Thank you very much for your quick response. I'm looking forward to visiting the Web sites you provided to review the expositions of the "Law of Cosines" and the Haversine Formula.

I think I will always have a nature of curiosity about me. Therefore, I would LOVE to see a derivation of the formula.

Hello again, Dena.

You called my bluff! Good - now I have a reason to write up my derivation of the haversine formula. I had derived the cosine formula for great-circle distance, but not the haversine formula. I was reluctant to send the formula to you without having checked it out, so I derived it before I answered you. It turned out to be relatively straightforward.

We often do more work behind the scenes than we show! And this is not the only time we have wanted an occasion to write up the details of a problem.

### What’s a haversine?

First, a word about the meaning of "haversine." This is the name of one of several lesser-known trigonometric functions that were once familiar to navigators and the like. The VERSINE (or versed sine) of angle A is 1-cos(A). The HAVERSINE is half the versine, or (1-cos(A))/2. With a little math, you can show that

hav(A) = (1-cos(A))/2 = sin^2(A/2)

where ^2 means squared.

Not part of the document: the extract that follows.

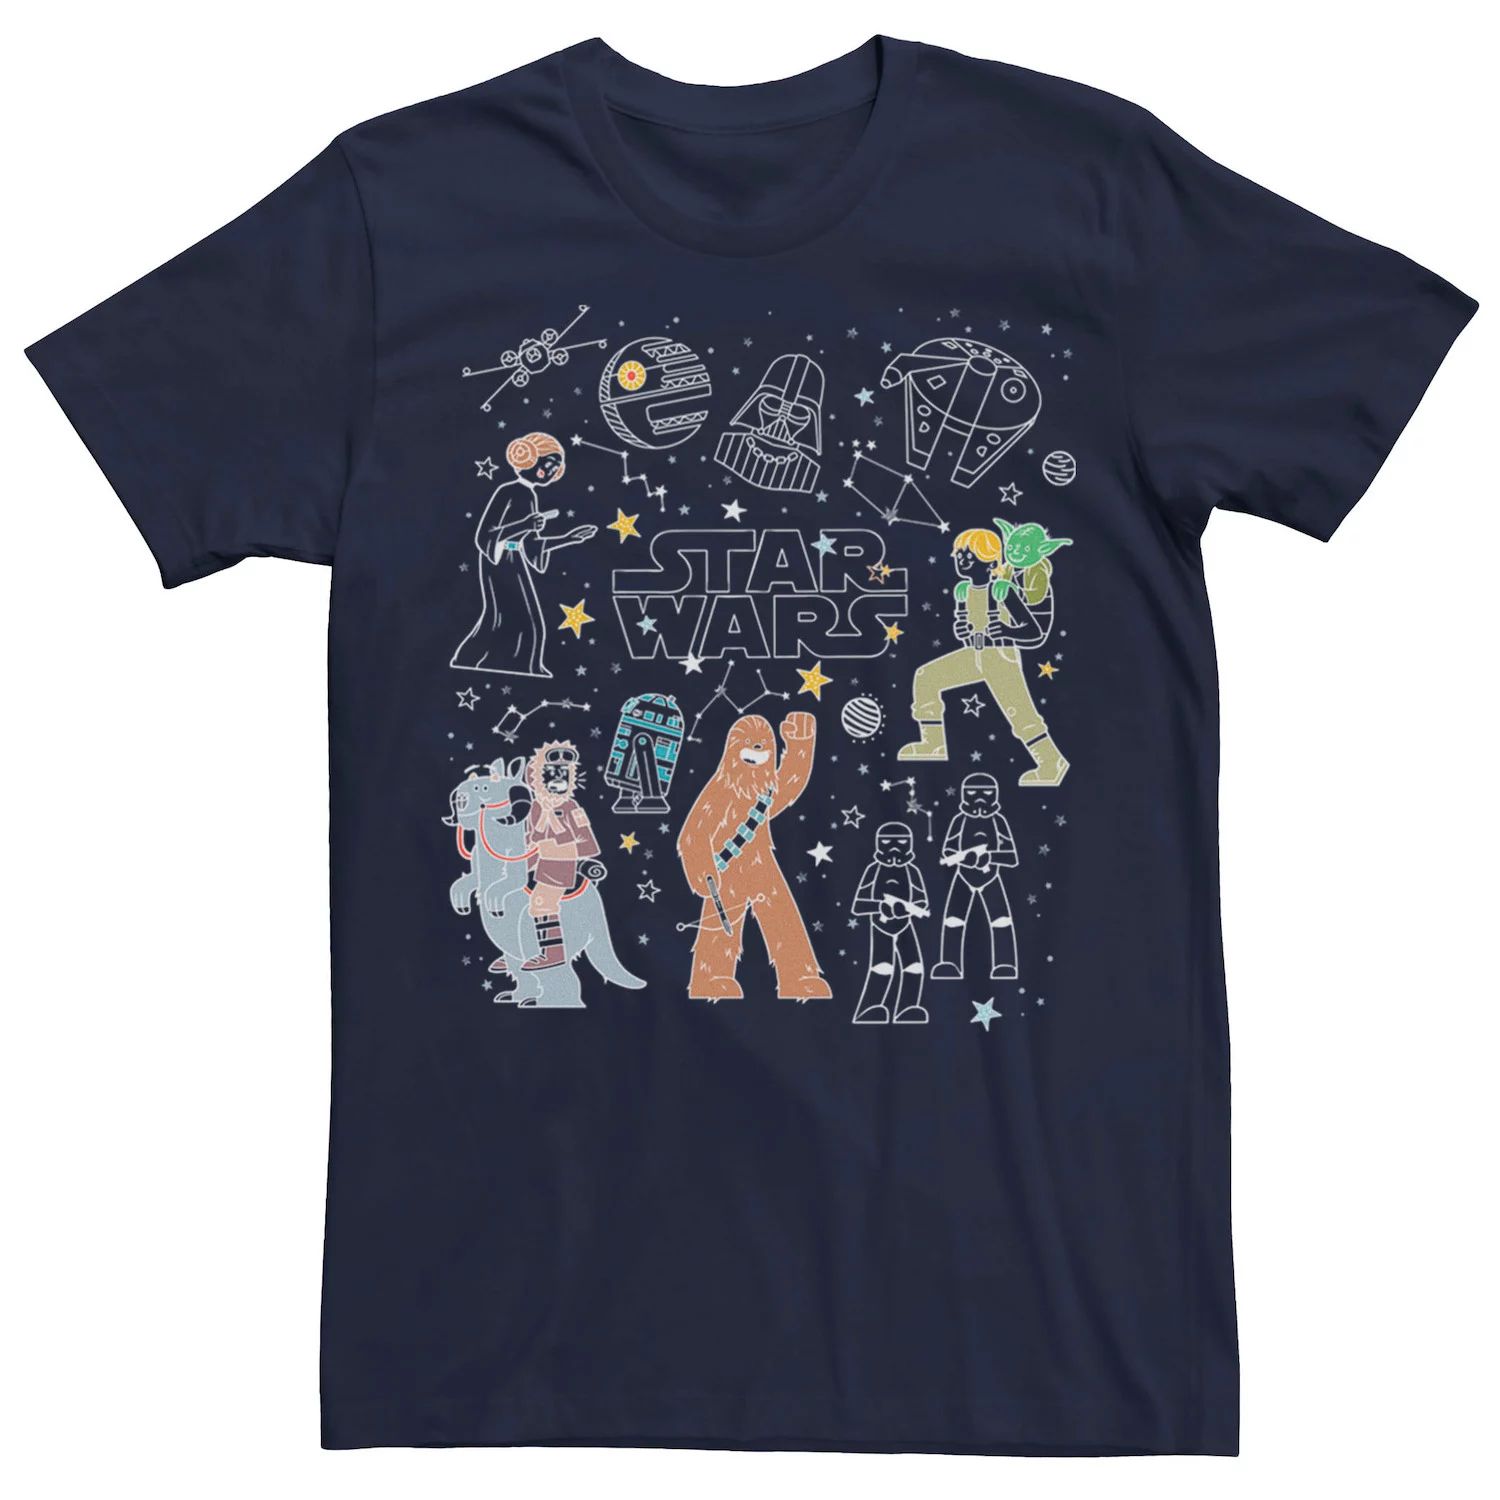 цена Мужская футболка с рисунками «Звездные войны» и «Созвездие», Синяя Star Wars, синий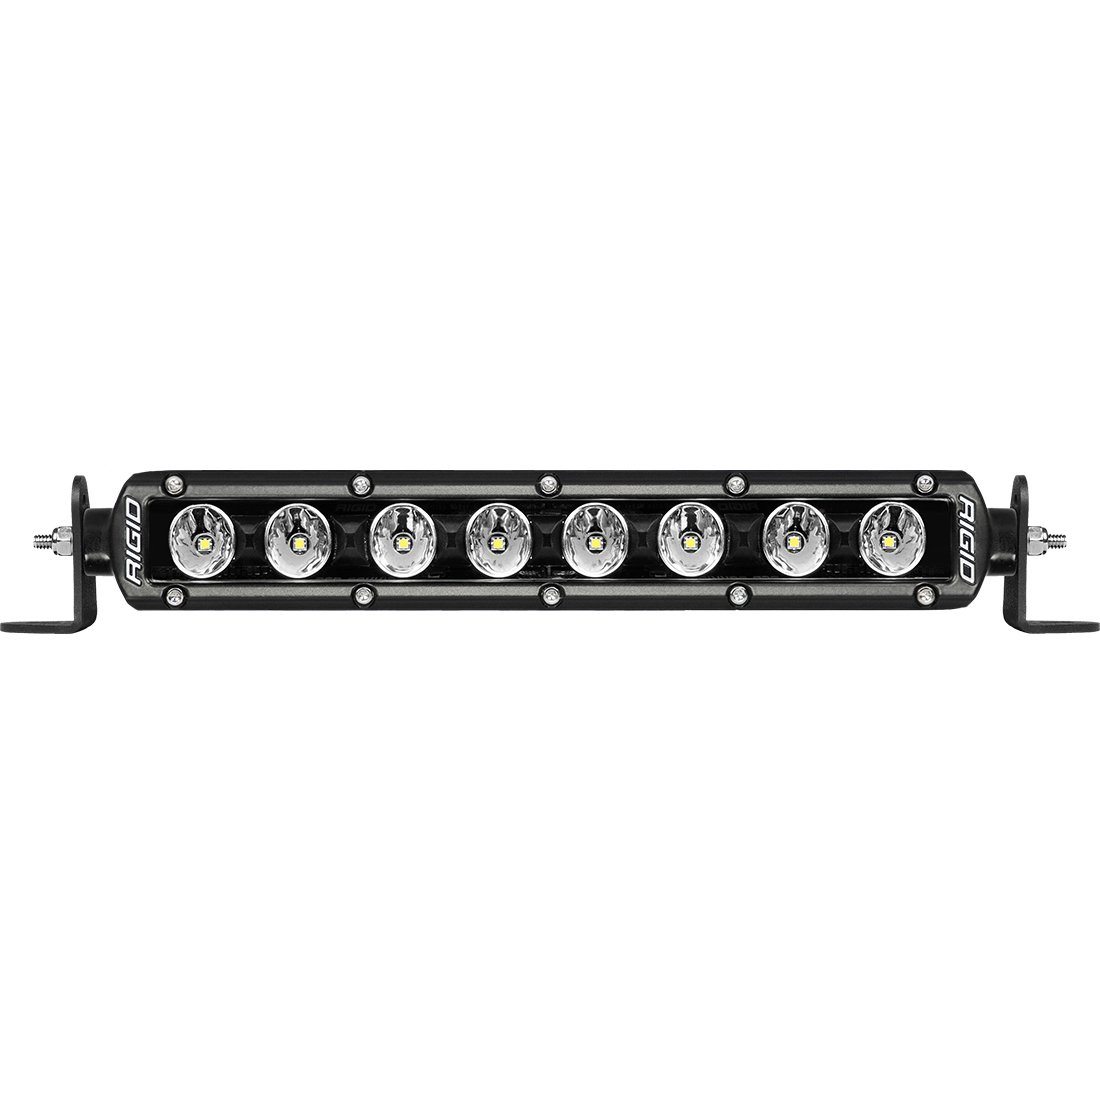 Radiance Plus SR-Series LED Light Bar Lighting Rigid Industries

You see the form on the right twice in the haversine formula.

Here is that math: Using the double angle formula, $$\cos(2x) = 1 – 2\sin^2(x)$$, we find that $$\text{hav}(A) = \frac{1-\cos(A)}{2}=\frac{1-\cos\left(2\cdot\frac{A}{2}\right)}{2}\\=\frac{1-\left(1 – 2\sin^2\left(\frac{A}{2}\right)\right)}{2}=\frac{2\sin^2\left(\frac{A}{2}\right)}{2}\\=\sin^2\left(\frac{A}{2}\right)$$

Wikipedia has a lot of information about this and a whole family of related functions, in the article on the versine. Jim Wilson has a nice article that also touches on our current topic, here.

### Chords and angles

In proving the formula, we will work with a sphere of radius 1. The distance we get should be multiplied by R, the radius of the earth.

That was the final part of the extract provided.